Abstract
Clade A Type 2C protein phosphatases (PP2CAs) negatively regulate abscisic acid (ABA) signaling and have diverse functions in plant development and in response to various stresses. In this study, we showed that overexpression of the rice ABA receptor OsPYL/RCAR3 reduces the growth retardation observed in plants exposed to osmotic stress. By contrast, overexpression of the OsPYL/RCAR3-interacting protein OsPP2C09 rendered plant growth more sensitive to osmotic stress.

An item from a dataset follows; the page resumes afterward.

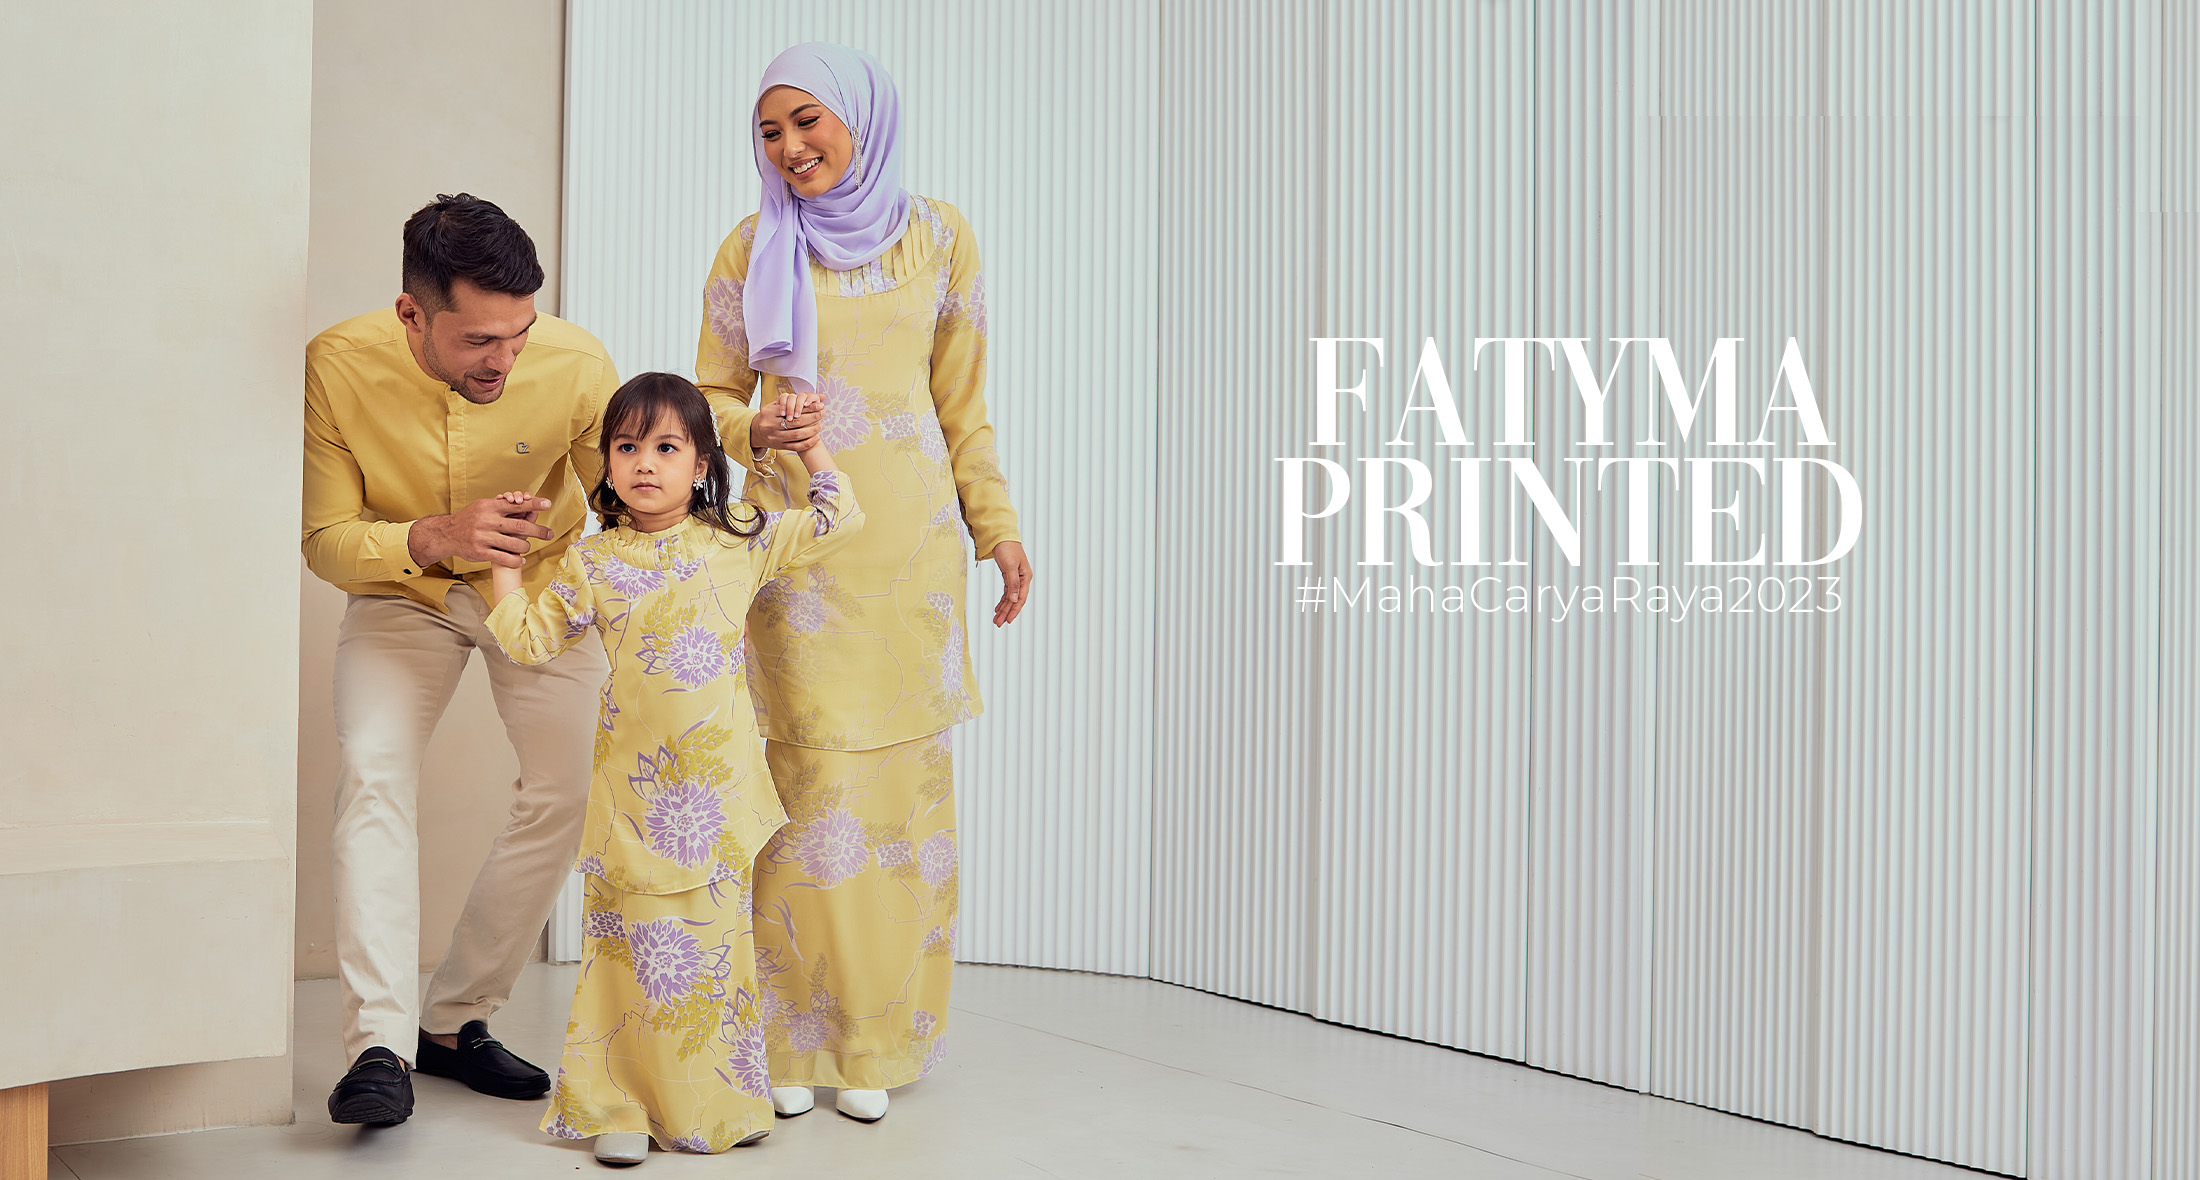 Fatyma Printed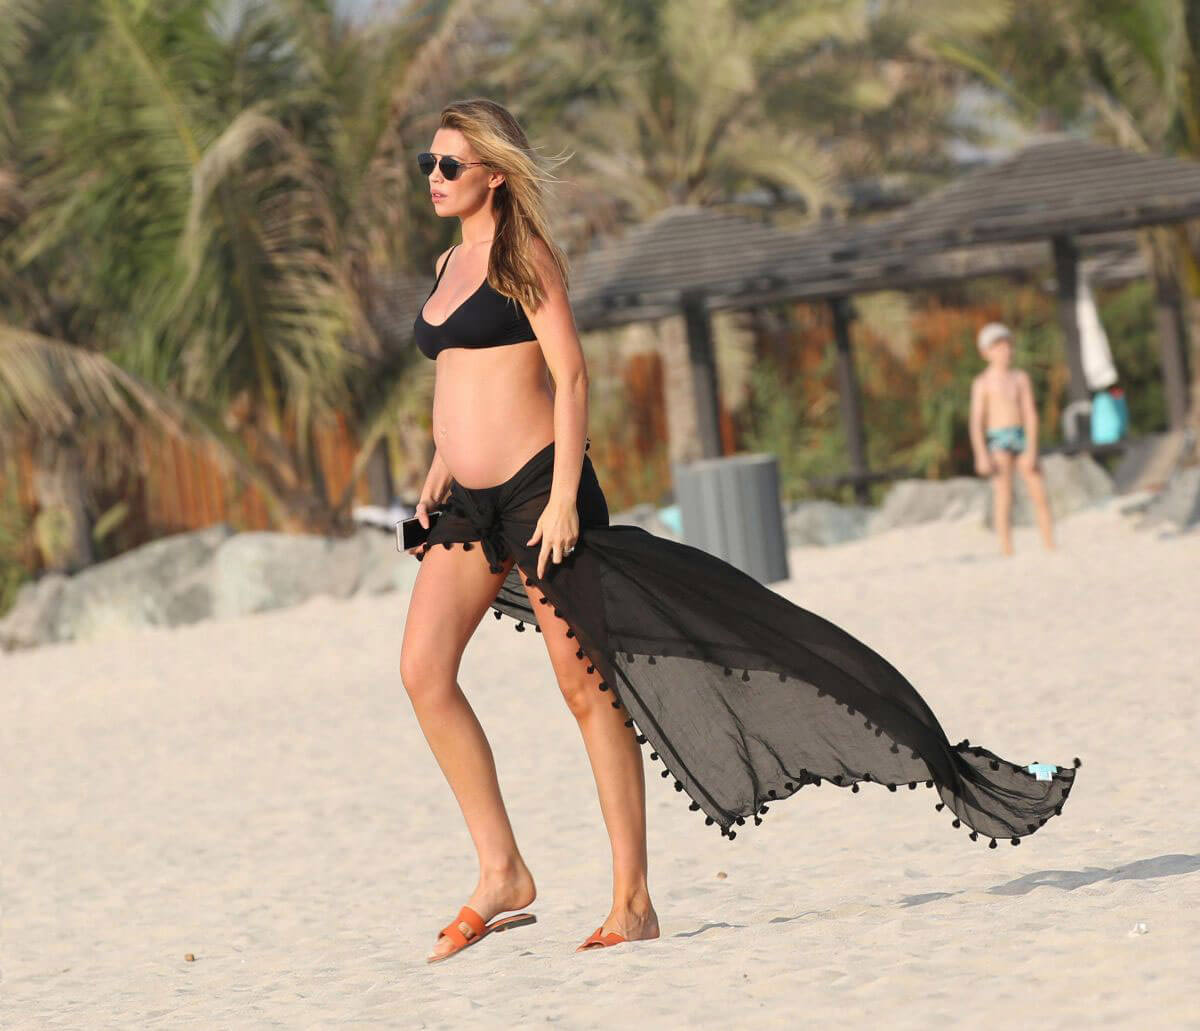 Pregnant Abigail Abbey Clancy Stills in Bikini on the Beach in Dubai

We tested whether OsPP2CAs activate an ABA-independent signaling cascade by transfecting rice protoplasts with luciferase reporters containing the drought-responsive element (DRE) or ABA-responsive element (ABRE). We observed that OsPP2CAs activated gene expression via the cis-acting drought-responsive element. In agreement with this observation, transcriptome analysis of plants overexpressing OsPP2C09 indicated that OsPP2C09 induces the expression of genes whose promoters contain DREs. Further analysis showed that OsPP2C09 interacts with DRE-binding (DREB) transcription factors and activates reporters containing DRE. We conclude that, through activating DRE-containing promoters, OsPP2C09 positively regulates the drought response regulon and activates an ABA-independent signaling pathway.
Highlights
As plants inevitably face adverse environmental conditions such as drought, high salt, and extreme temperatures, they have evolved complex signaling networks that respond to environmental cues and balance their resources between promoting growth and mounting tolerance to inauspicious conditions
To characterize the effects of OsPYL/RCAR3 overexpression, we introduced OsPYL/ RCAR3-HA into rice protoplasts by transient transfection together with a reporter construct bearing the rice Rab16A promoter driving the expression of firefly luciferase, which is normally induced by Abscisic acid (ABA) and osmotic stress
These results showed that low osmotic stress imposed by mannitol upregulated a limited set of genes, but the cis-ABA-responsive element (ABRE) element that activates transcription in response to ABA signaling is lacking in their promoters
Summary
As plants inevitably face adverse environmental conditions such as drought, high salt, and extreme temperatures, they have evolved complex signaling networks that respond to environmental cues and balance their resources between promoting growth and mounting tolerance to inauspicious conditions. ABA-induced gene expression is mediated through the binding of ABFs to the ABRE in target promoter regions and subsequent transcriptional activation [4,5,6]. RD29A and RD29B are two closely related genes that respond to drought and high salt conditions. The RD29A promoter region contains multiple cis-acting elements such as the dehydration-responsive element/C-repeat (DRE/CRT) and ABRE. RD29A expression can respond to both ABA-dependent and -independent signaling pathways through the ABRE or DRE/CRT cis-element, respectively. The RD29B promoter region lacks a DRE/CRT sequence and is activated only by the ABA-dependent signaling cascade [7]. Dehydration-responsive element binding factor (DREB) transcription factors have been determined to regulate the gene expression in ABA-independent signaling pathways such as cold and drought [8,9]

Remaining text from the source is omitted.